### Data supplied
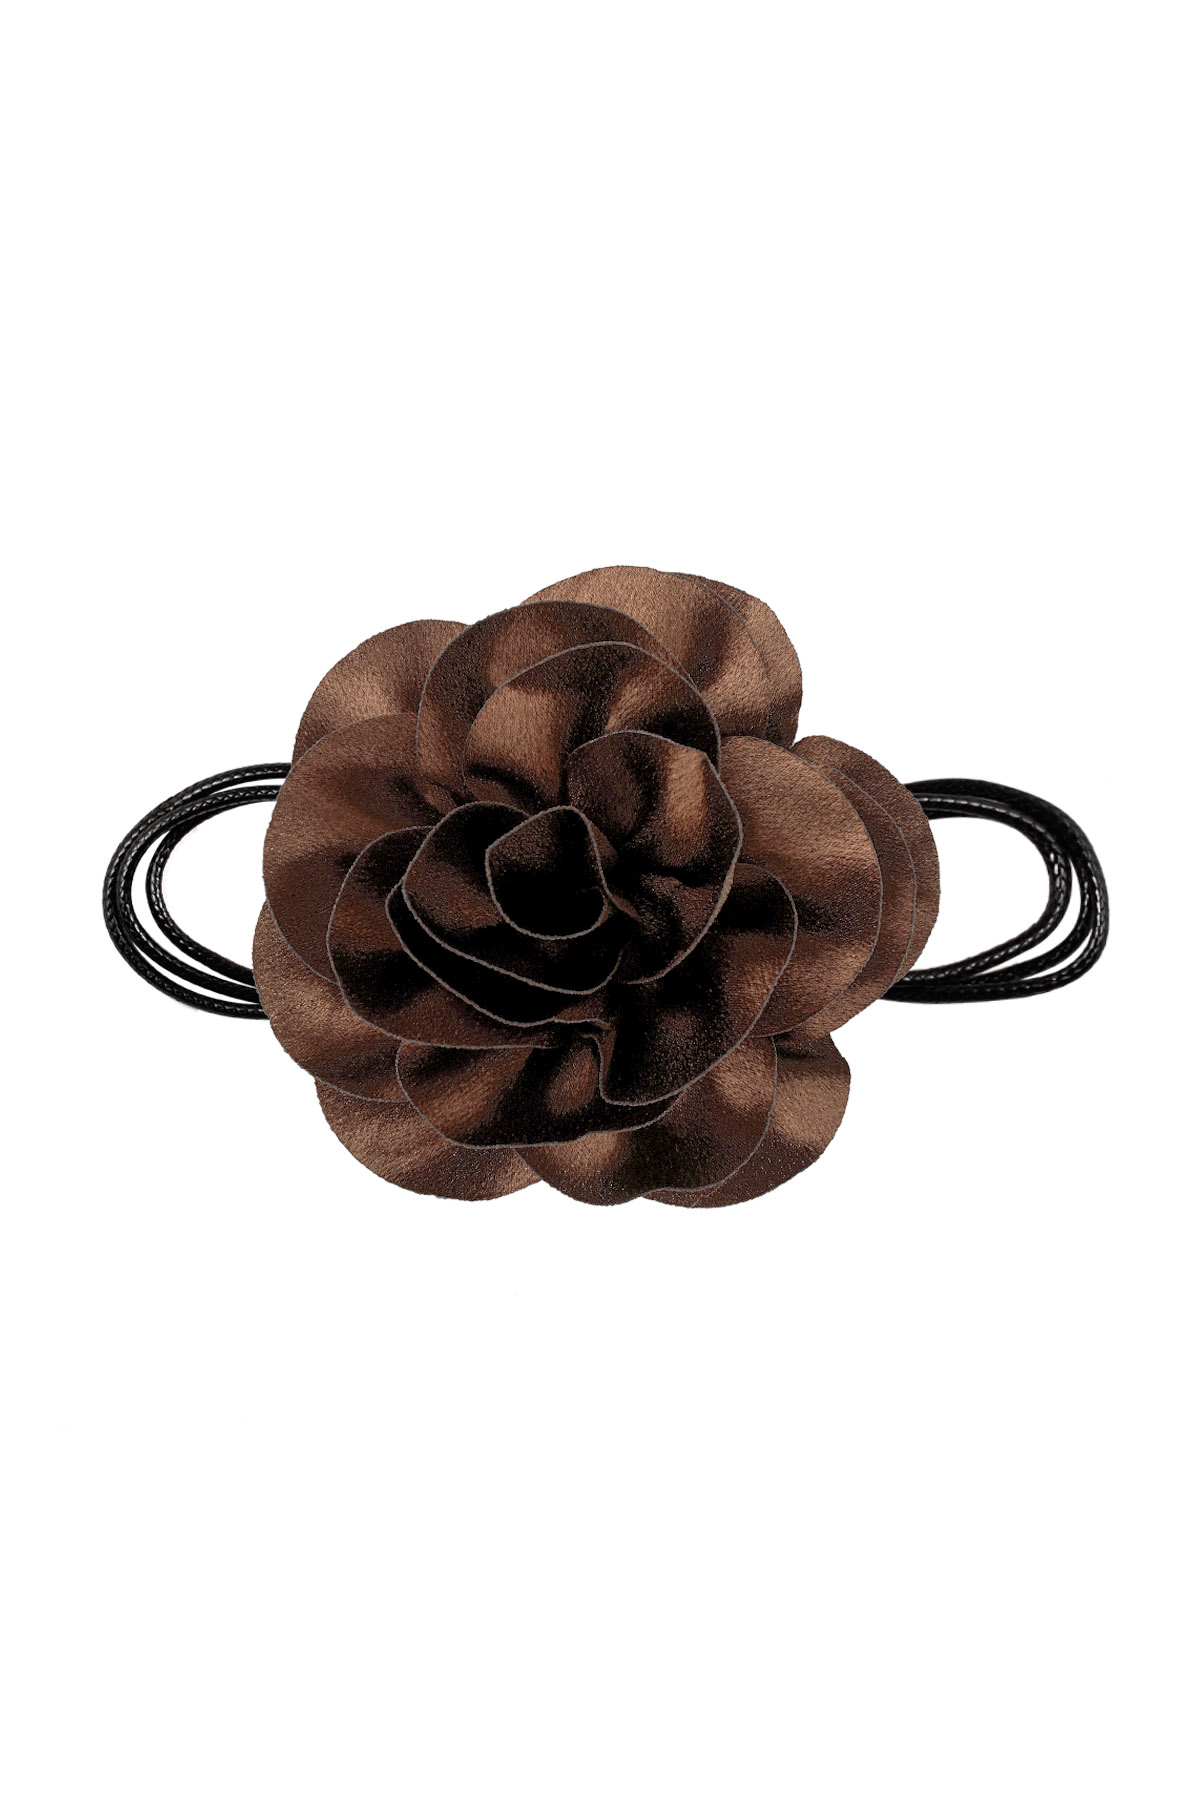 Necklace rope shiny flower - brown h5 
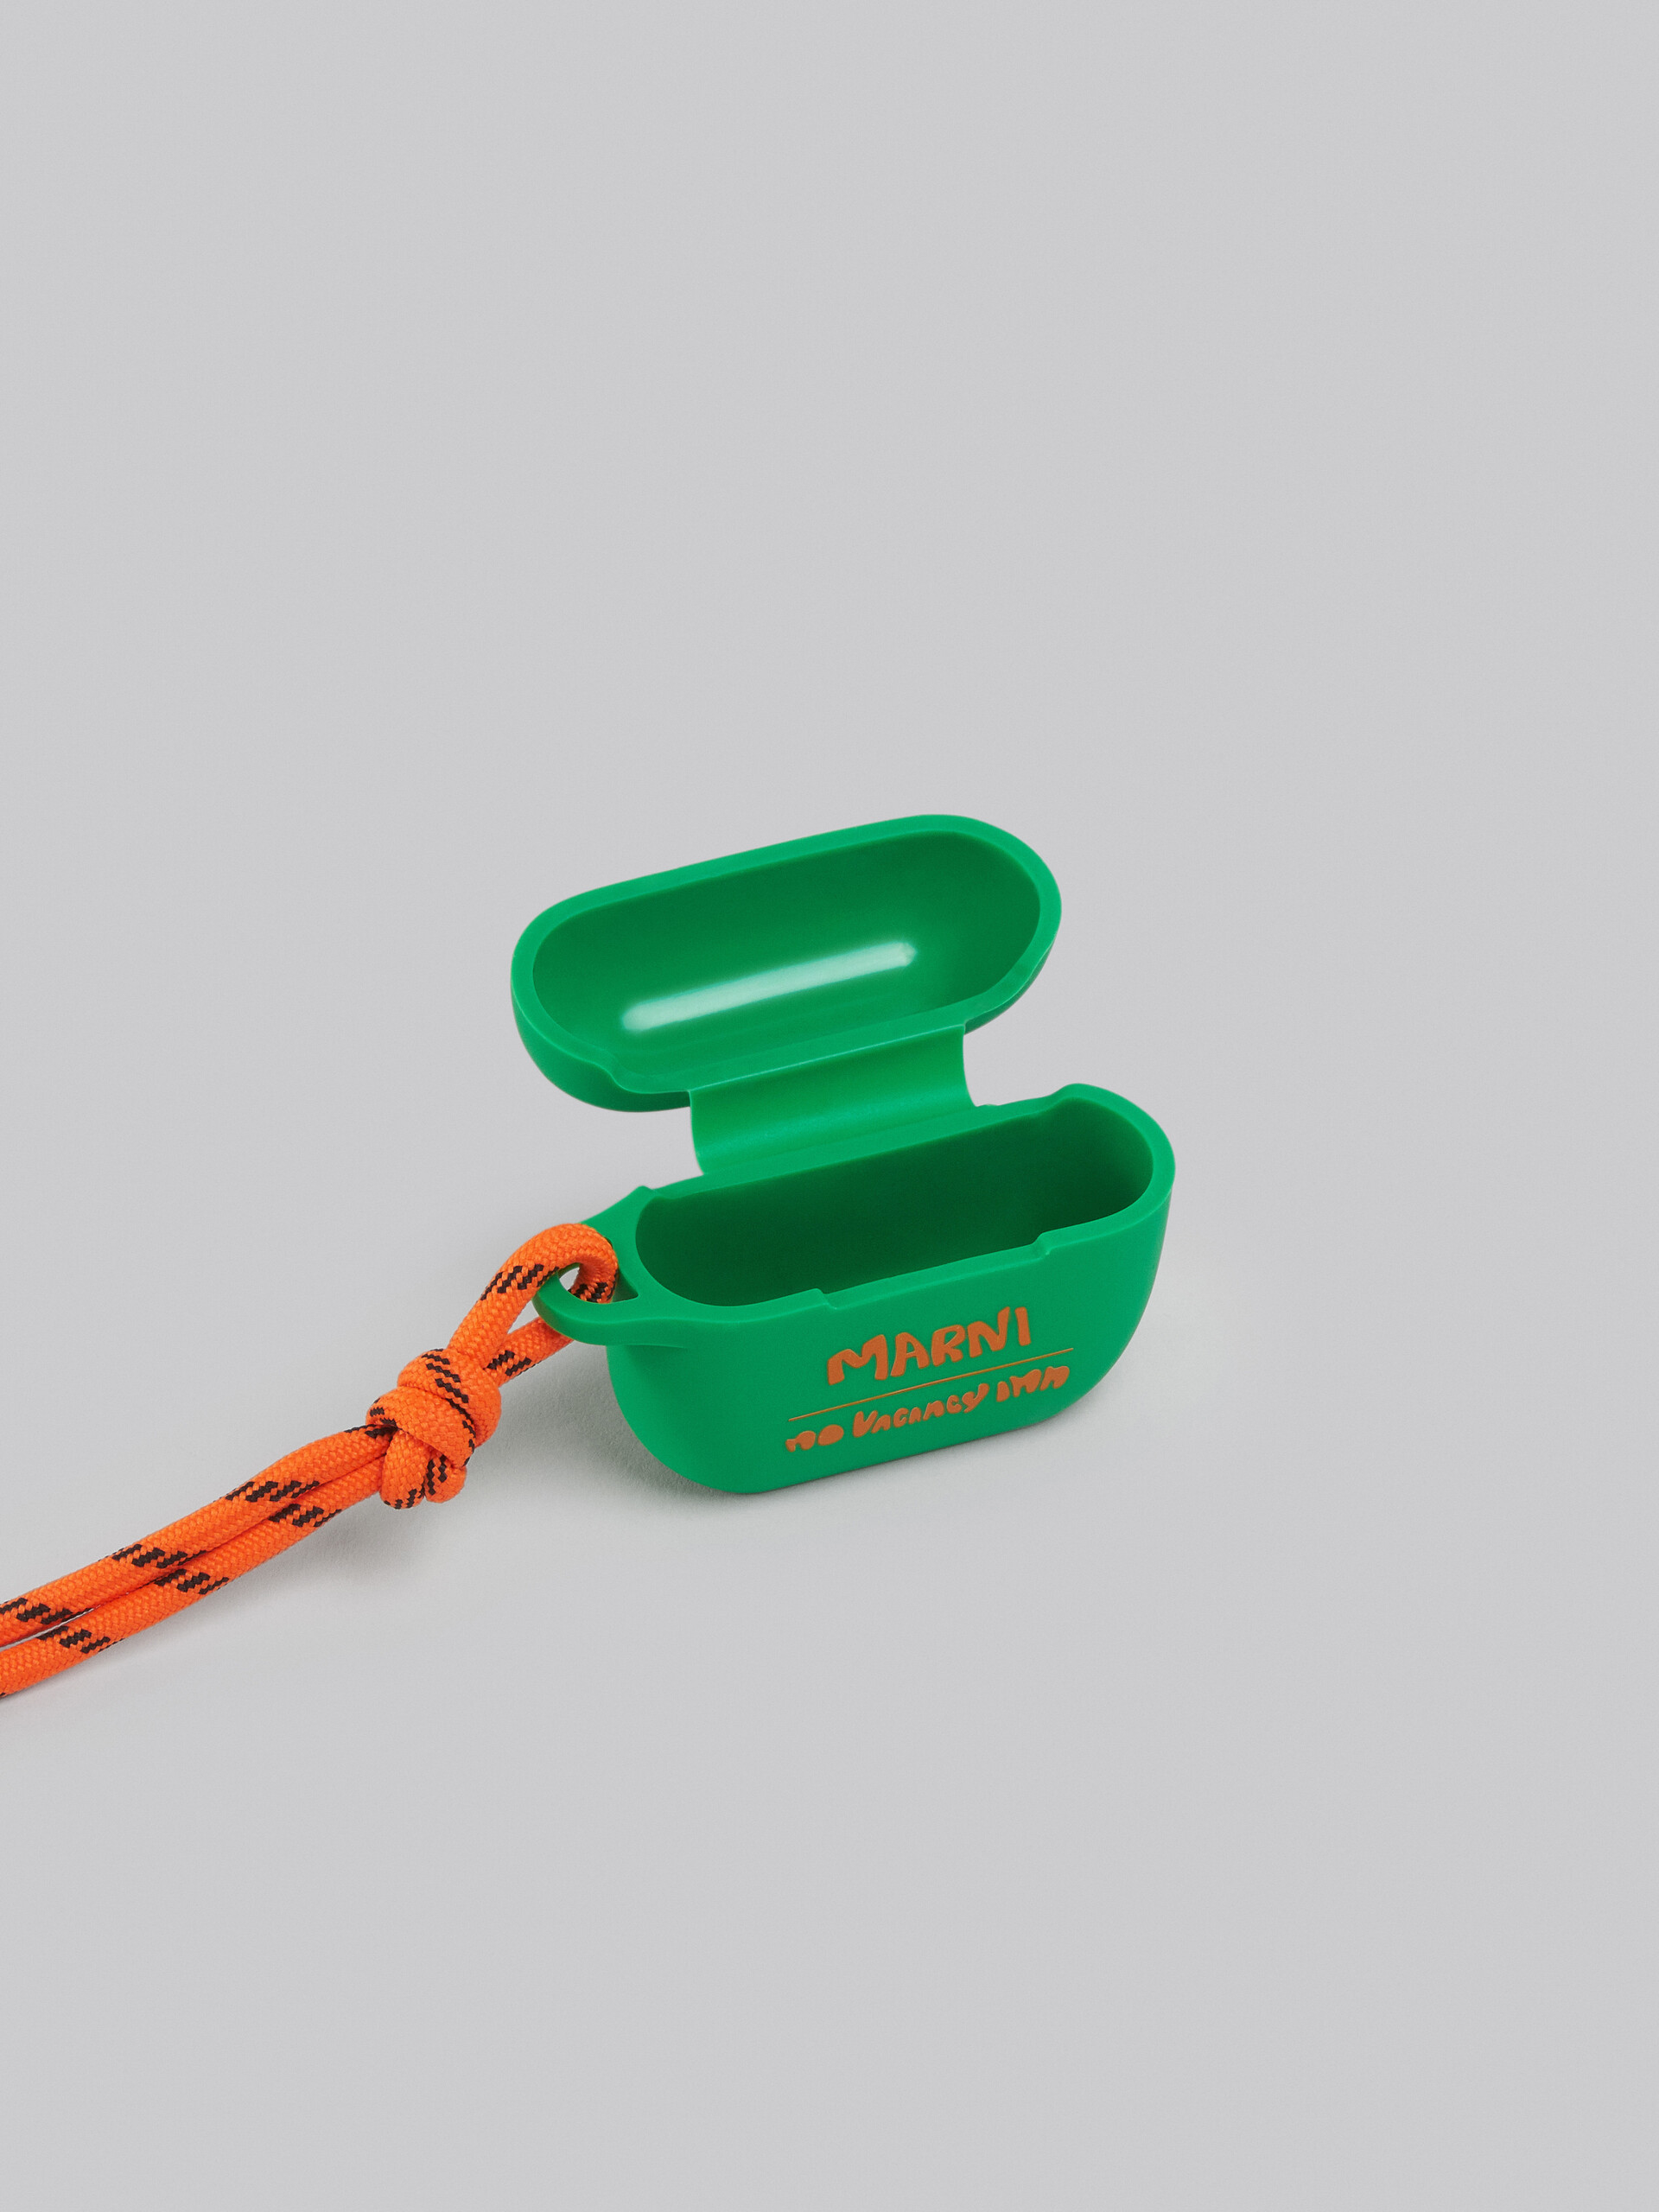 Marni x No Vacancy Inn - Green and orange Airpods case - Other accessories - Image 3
--
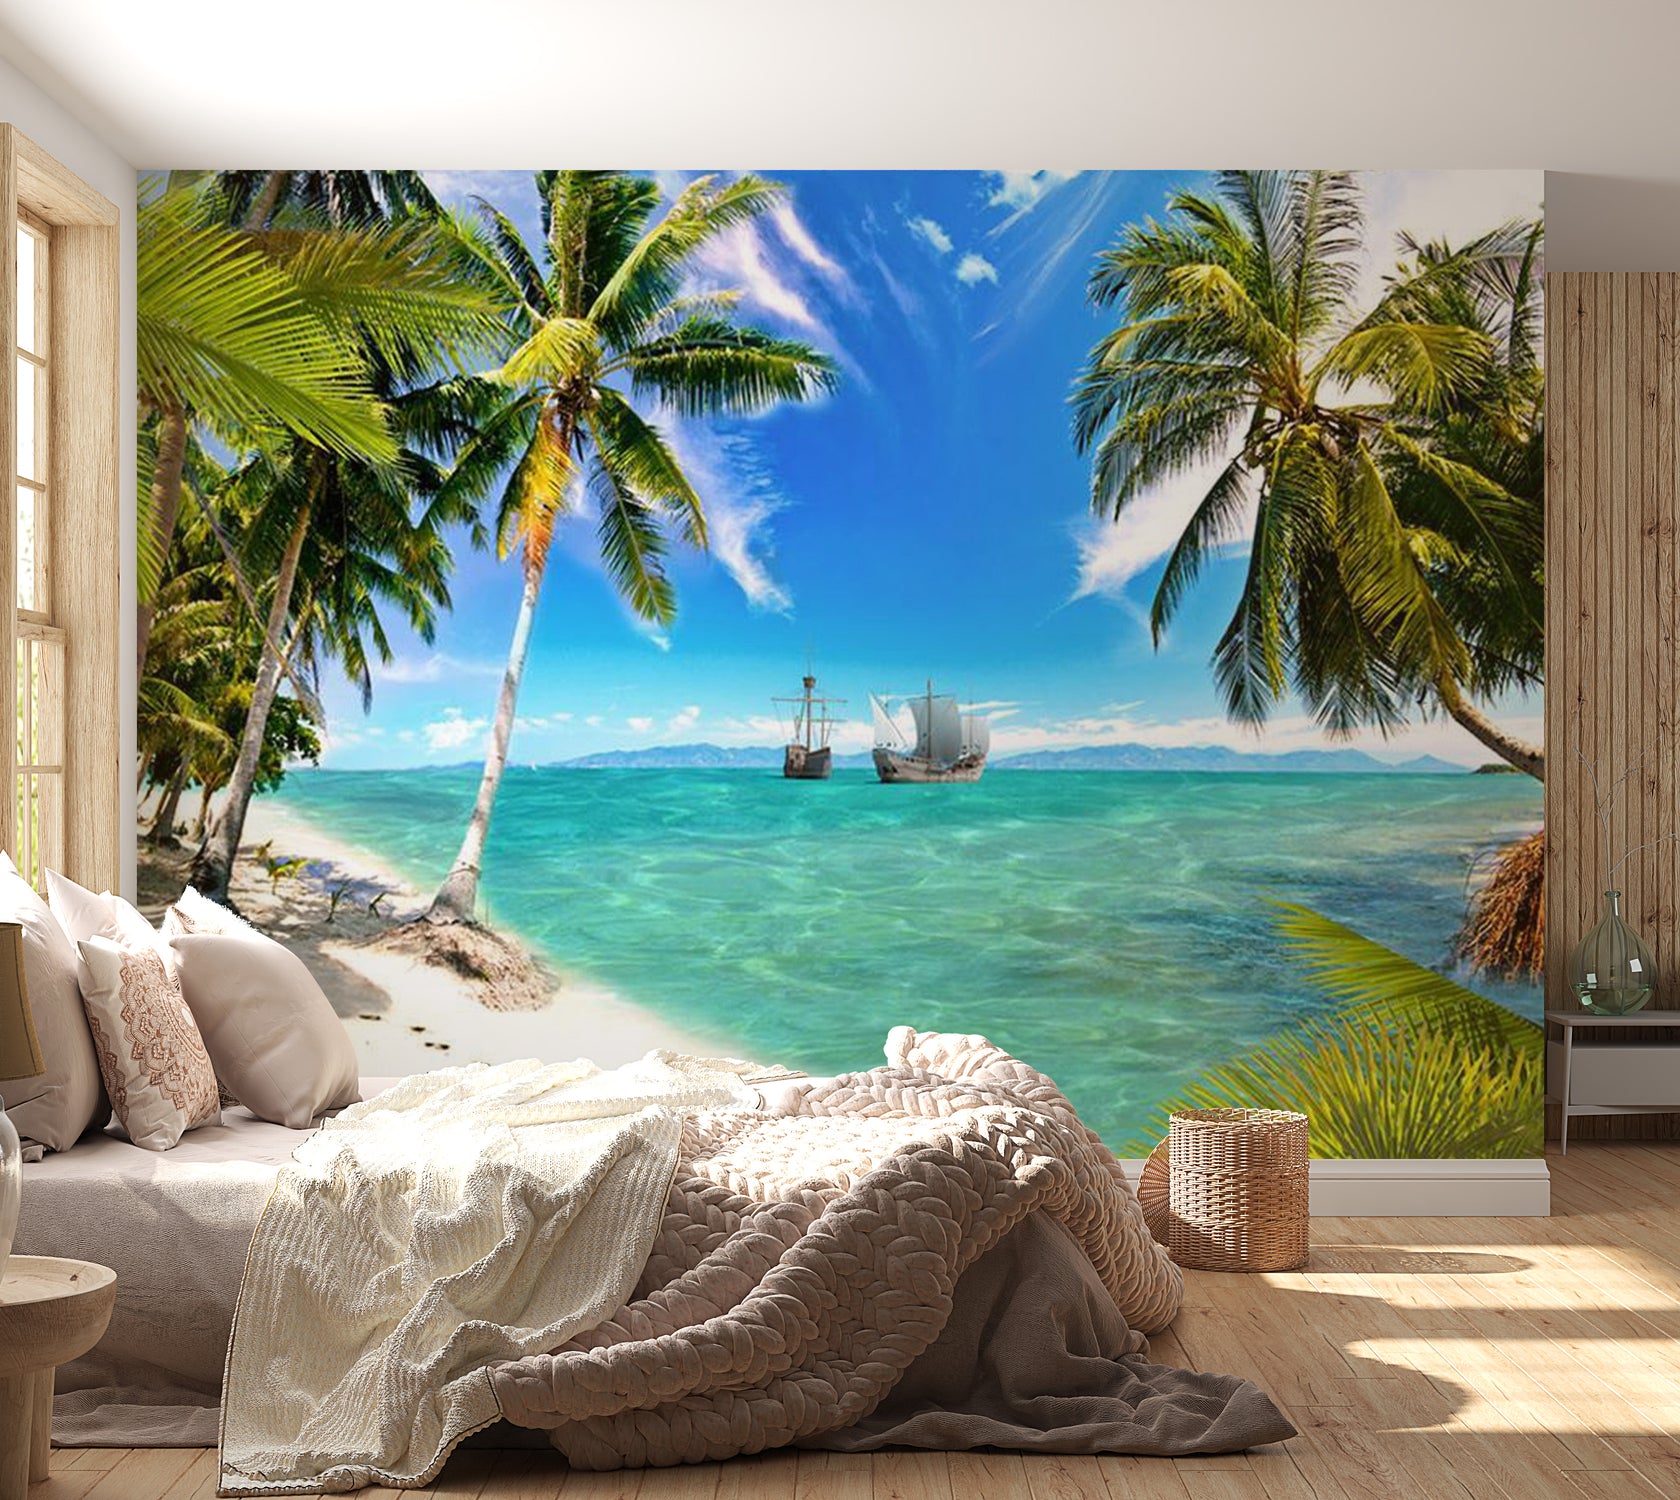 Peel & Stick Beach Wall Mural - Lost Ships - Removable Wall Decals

### What to produce
Please return the data above exactly as it stands from the line with "Necklace rope shiny flower - brown h5" to the line with "Marni x No Vacancy", keeping both of those lines but none of the pictures.

### Written solution
 Necklace rope shiny flower - brown h5 
 Marni x No Vacancy Inn - Green and orange Airpods case - Other accessories - Image 3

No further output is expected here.